Que dire de l’impact carbone de cette technologie ? La start-up assure qu’en simplifiant le relationnel informatique, cela fera baisser l’utilisation de ressources et donc la consommation d’énergie. « Nous souhaitons réduire de 60 % la facture d’électricité par rapport à des interactions sans notre technologie et ce, d’ici à 6 ans », ajoute William Famy. Le système proposé par Ovochain se base non pas sur des calculs bruts, mais sur la modification du jeton, ce qui allège le nombre de calculs. La solution de la start-up n’a pas besoin d’une grande quantité d’électricité pour mettre en relation et exécuter les jetons. Il est possible de la faire tourner sur des ordinateurs de vieille génération et même demain sur les téléphones portables.
 

Une première application dans l’immobilier

Ovochain développe actuellement sa première version applicative dans le domaine de l’immobilier. Grâce aux tokens, le marché ciblé aura la possibilité de créer des fonds de nouvelle génération. Ce fonds sera destiné au financement de la rénovation énergétique et à la remise à niveau du parc immobilier. « Notre technologie apporte la confiance nécessaire à ce genre de transaction. Toutes les parties prenantes seront en sûreté sur une plateforme informatique mutualisée. Notre système agrégera toutes les données des banques, des fournisseurs, des prestataires et des bénéficiaires, qui pourront ainsi communiquer, se donner des ordres ou faire des virements de façon simple et sécurisée », explique William Famy.

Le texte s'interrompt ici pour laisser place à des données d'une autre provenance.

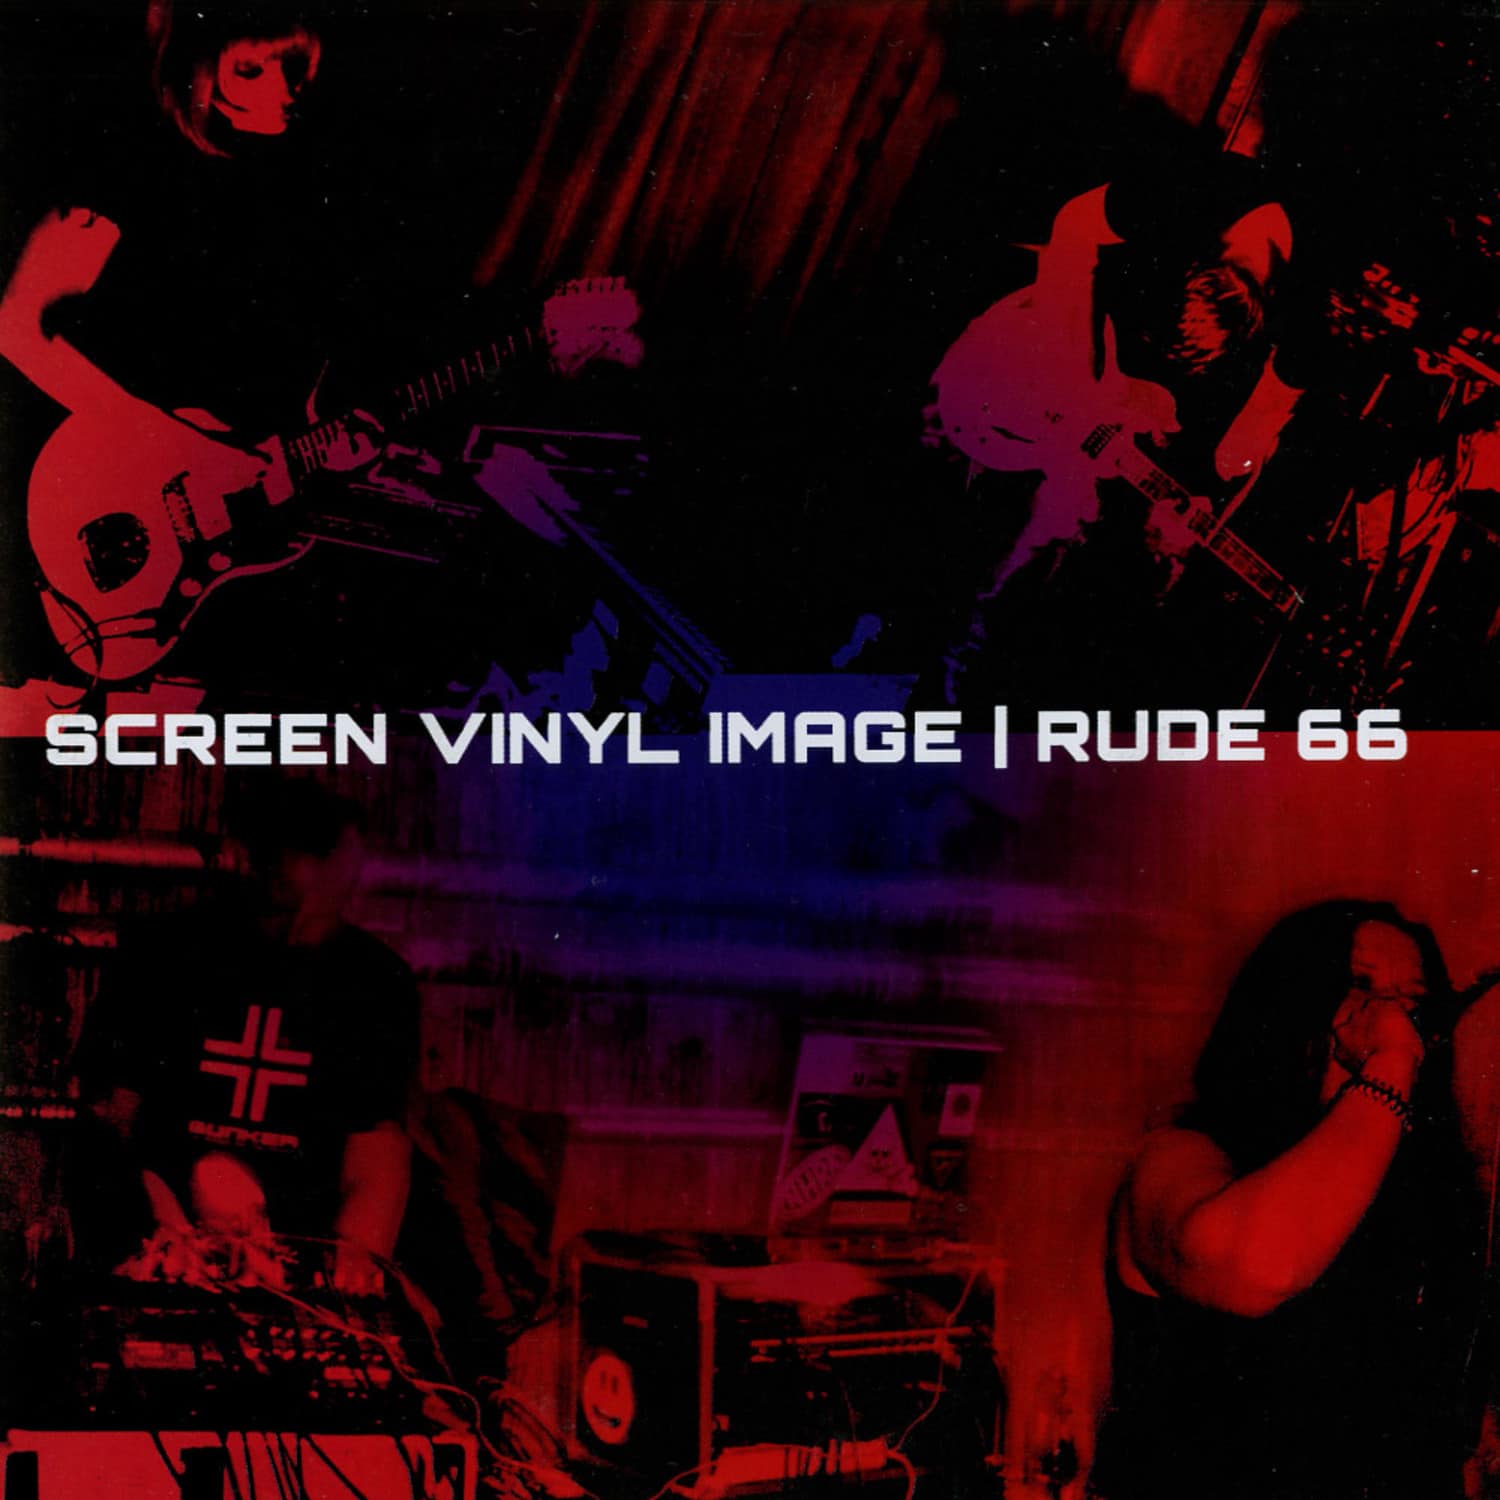 Rude 66 / Screen Vinyl Image - I AM GOD / TOMORROW IS TOO FAR

La start-up a achevé la première version du système destiné à l’immobilier et travaille à réunir les banques partenaires et de grands groupes qui souhaitent financer la transition énergétique et les rénovations. Elle va également signer des partenariats avec des professionnels de l’immobilier. Dans la foulée, Ovochain lancera sa première levée de fonds pour financer sa croissance et son développement, qui inclut une road map technologique dans laquelle les cofondateurs placent l’ENS Paris-Saclay comme partenaire stratégique au regard de l’excellence académique des laboratoires de l’Université Paris-Saclay.